Take the lines from the one with "Купить свадебное платье" to the end of the listing, both ends included, and quote them exactly, leaving pictures out.

┄┄┄┄┄┄┄┄┄┄

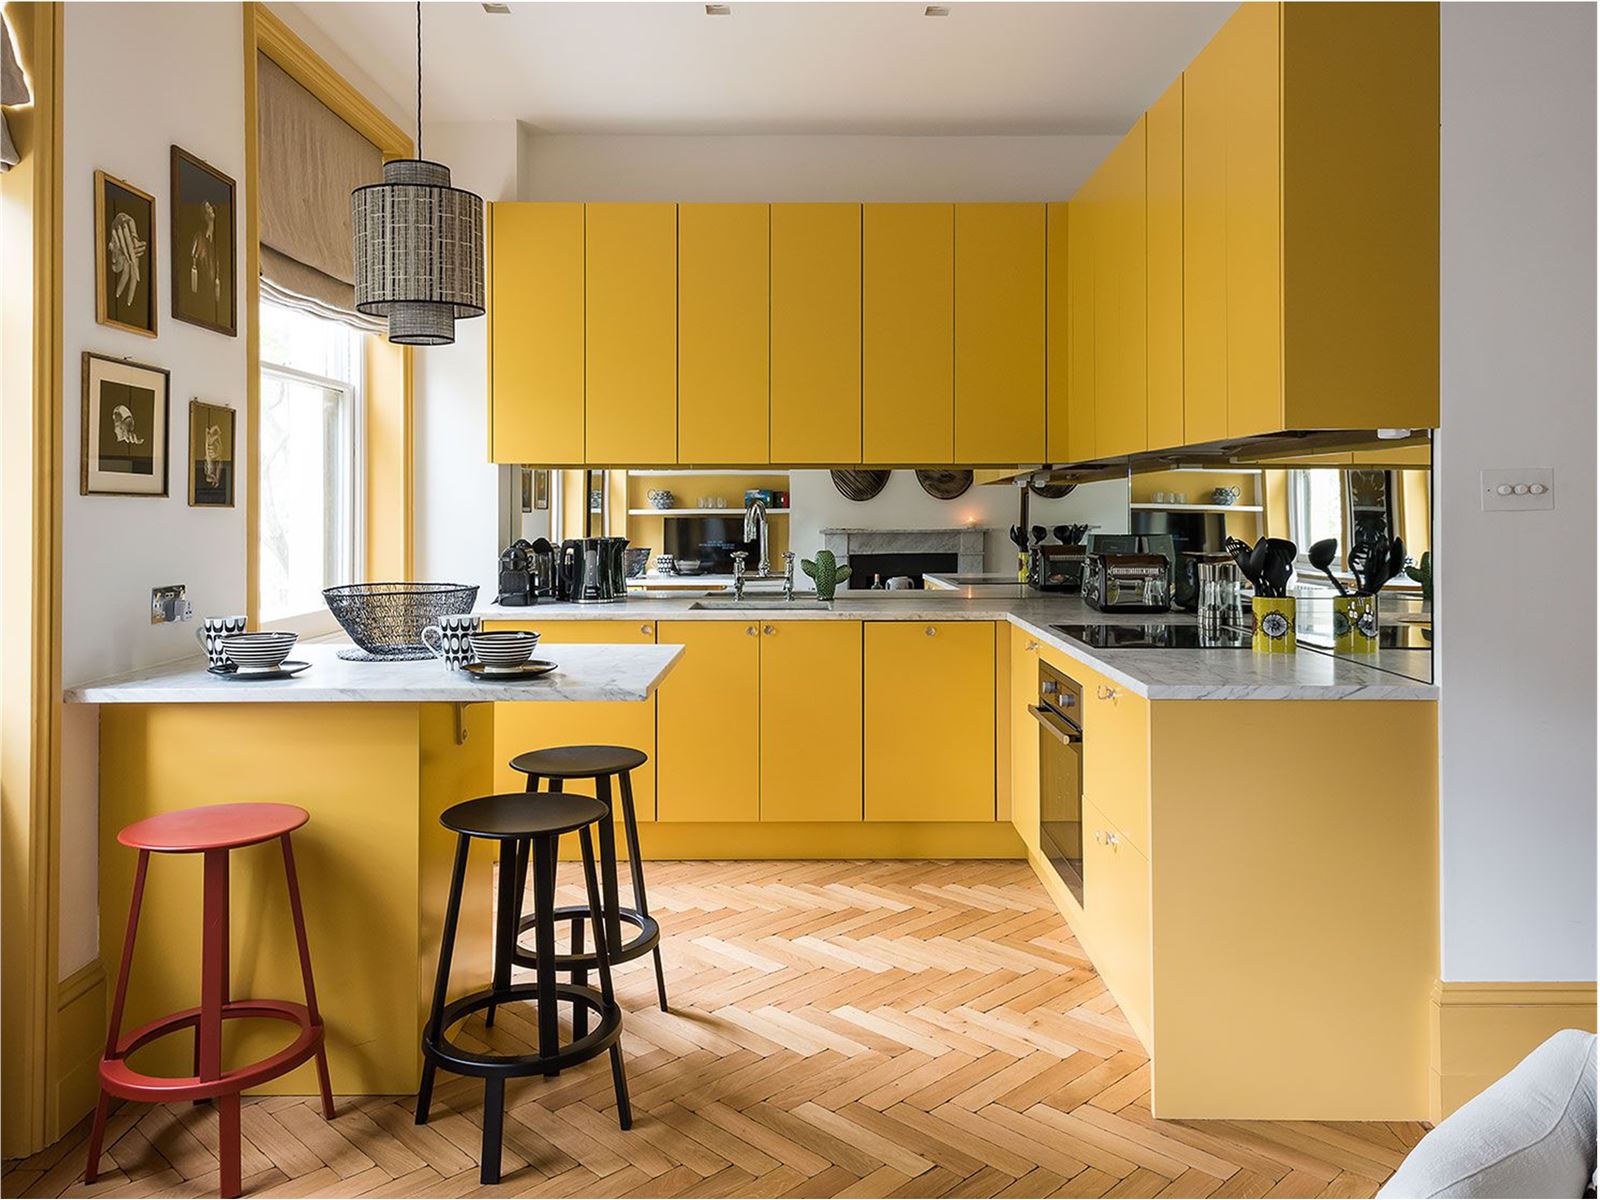 رنگ زرد در دکوراسیون آشپزخانه و بررسی 9 کابینت با ترکیب رنگ زرد
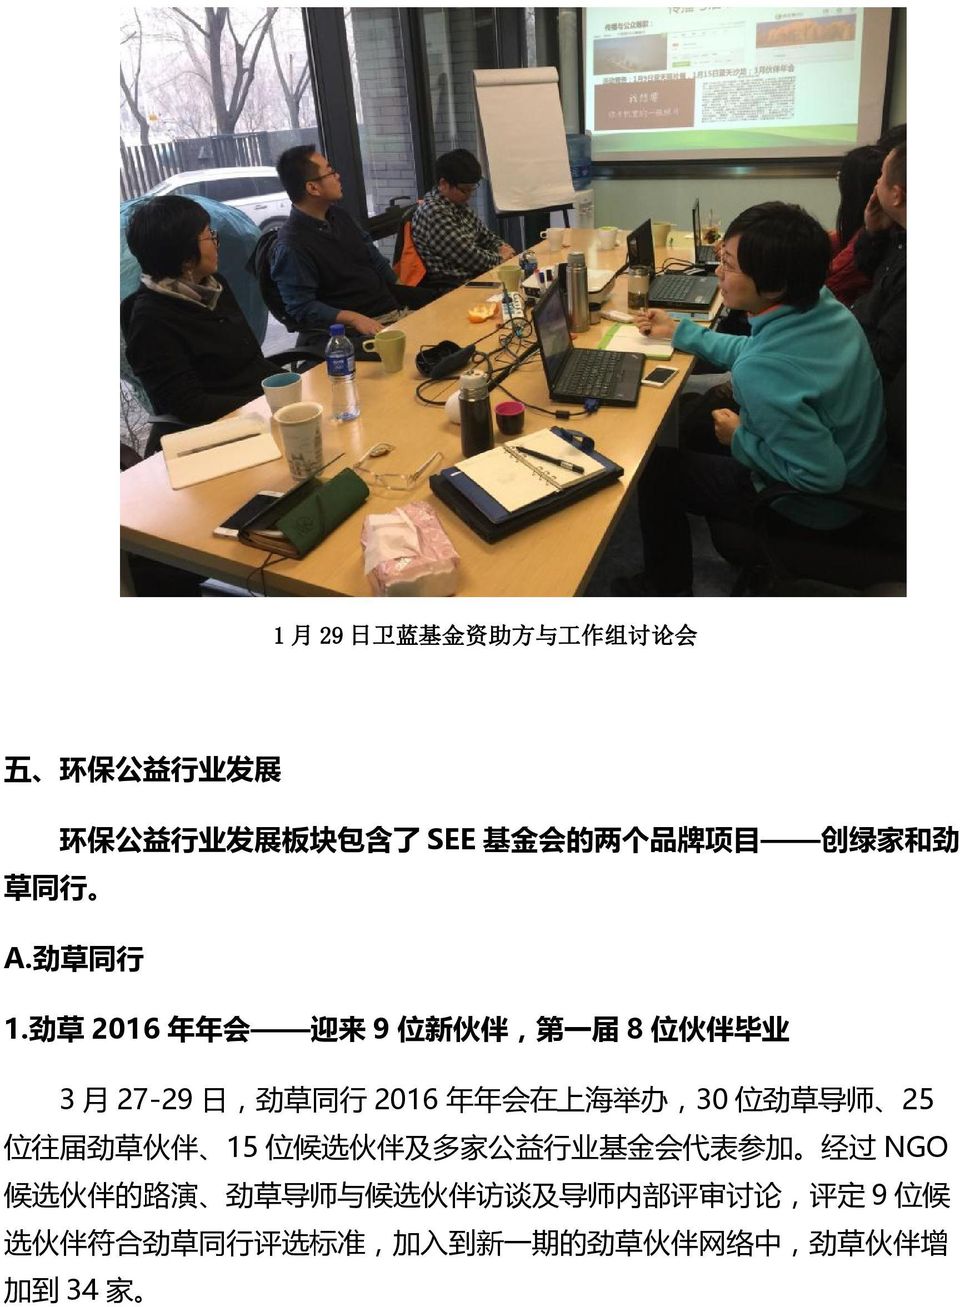 劲 草 2016 年 年 会 迎 来 9 位 新 伙 伴, 第 一 届 8 位 伙 伴 毕 业 3 月 27-29 日, 劲 草 同 行 2016 年 年 会 在 上 海 举 办,30 位 劲 草 导 师 25 位 往
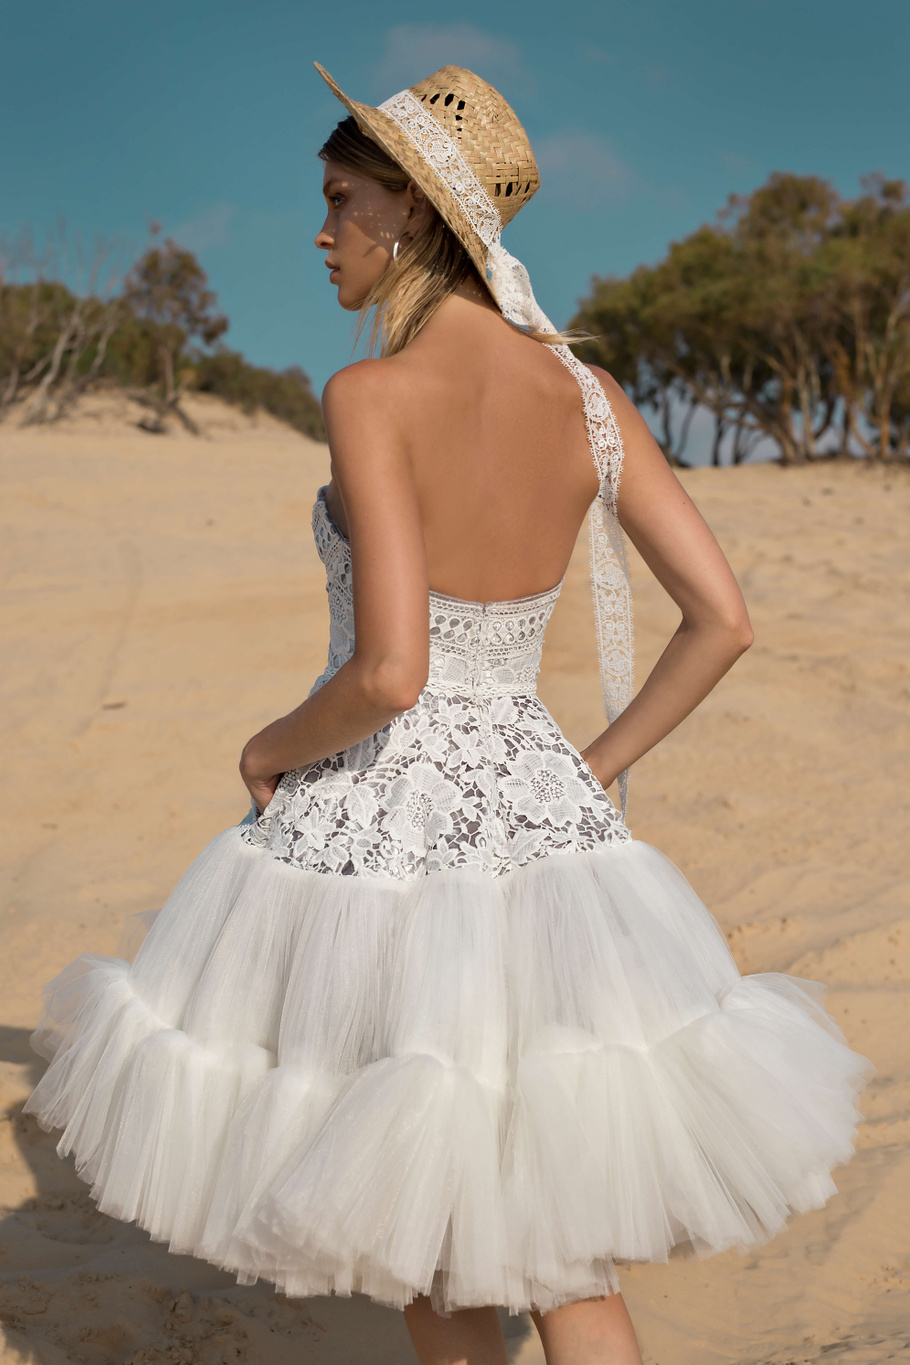 Купить свадебное платье «Стейс» Рара Авис из коллекции Вайлд Соул 2019 года в интернет-магазине «Мэри Трюфель»
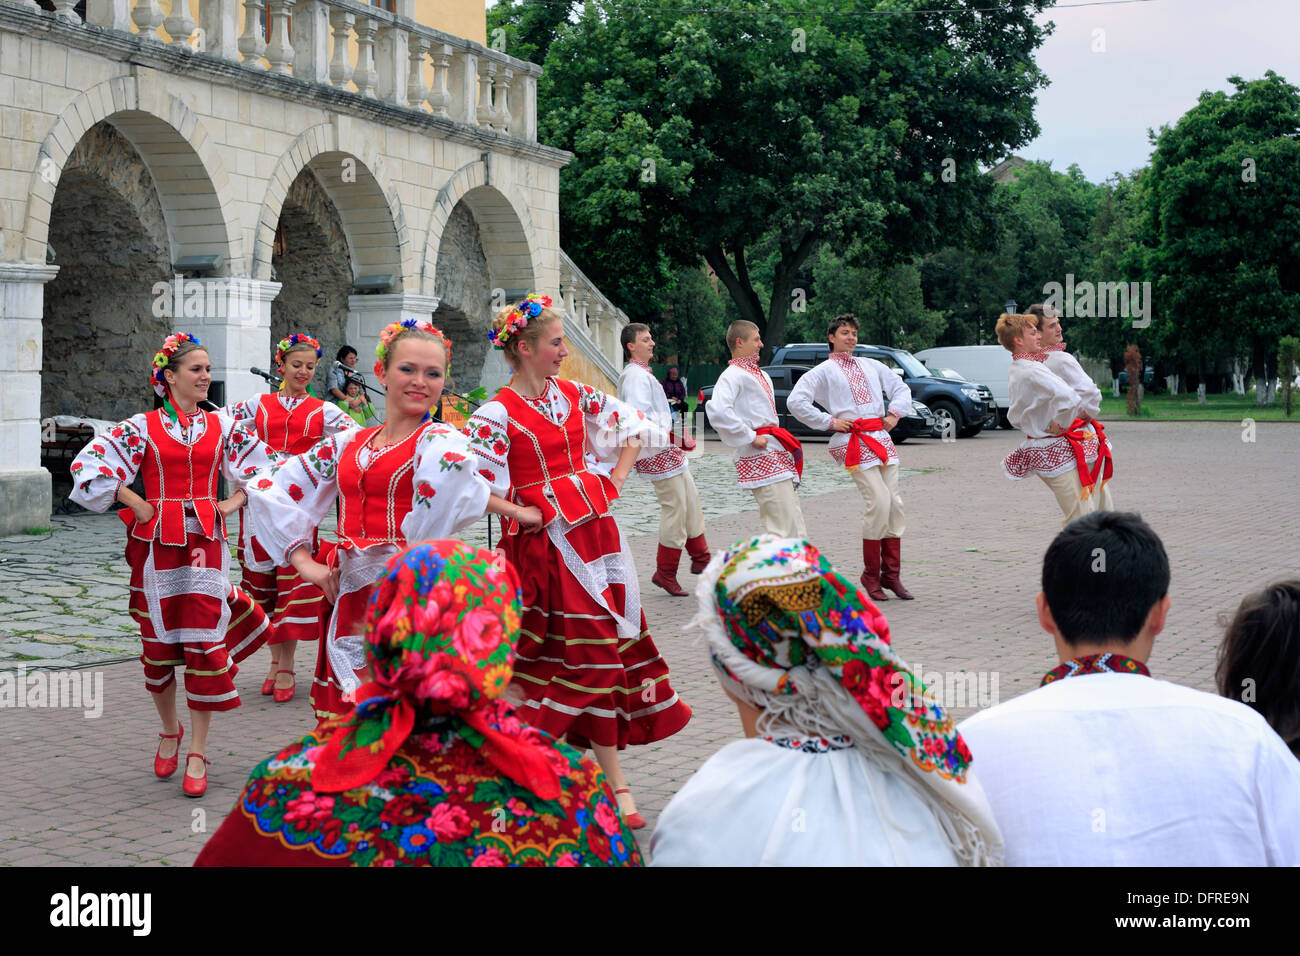 Ukranian folk festival, Kamianets-Podilskyi, Khmelnytskyi oblast (province), Ukraine Stock Photo
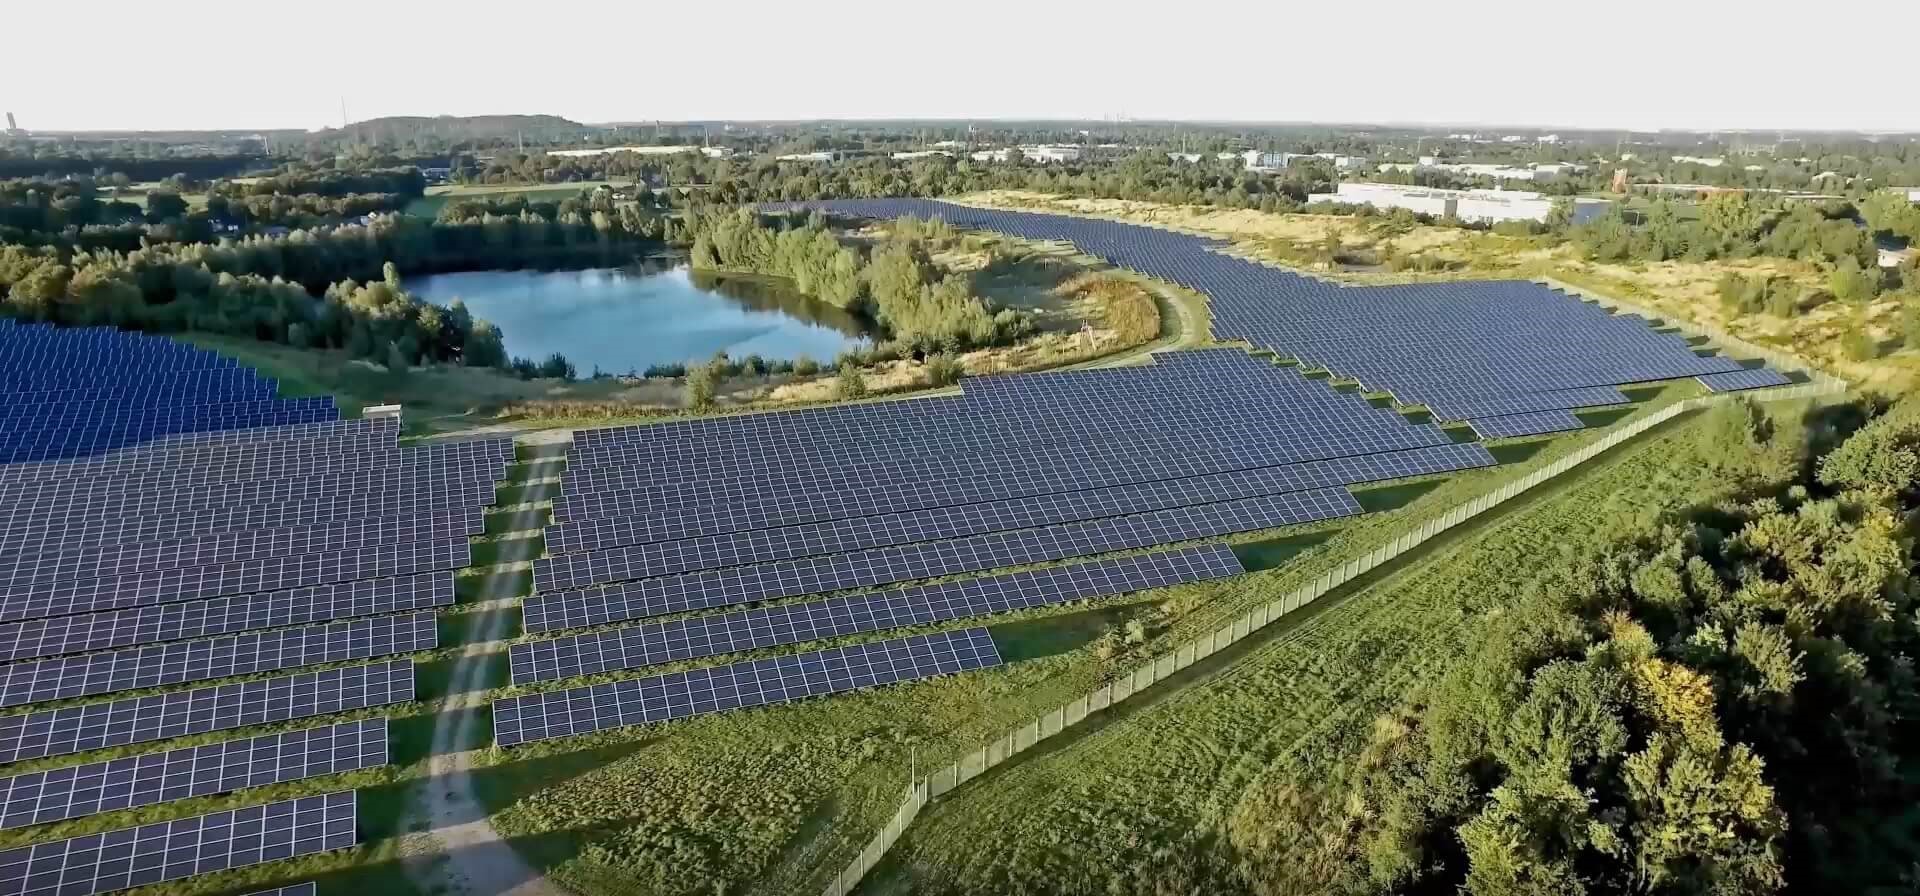 Luchtbeeld van een veld vol met zonnepanelen

┄┄┄┄┄┄┄┄┄┄

● **Final answer**:
 Купить свадебное платье «Стейс» Рара Авис из коллекции Вайлд Соул 2019 года в интернет-магазине «Мэри Трюфель»
 Ukranian folk festival, Kamianets-Podilskyi, Khmelnytskyi oblast (province), Ukraine Stock Photo
 Luchtbeeld van een veld vol met zonnepanelen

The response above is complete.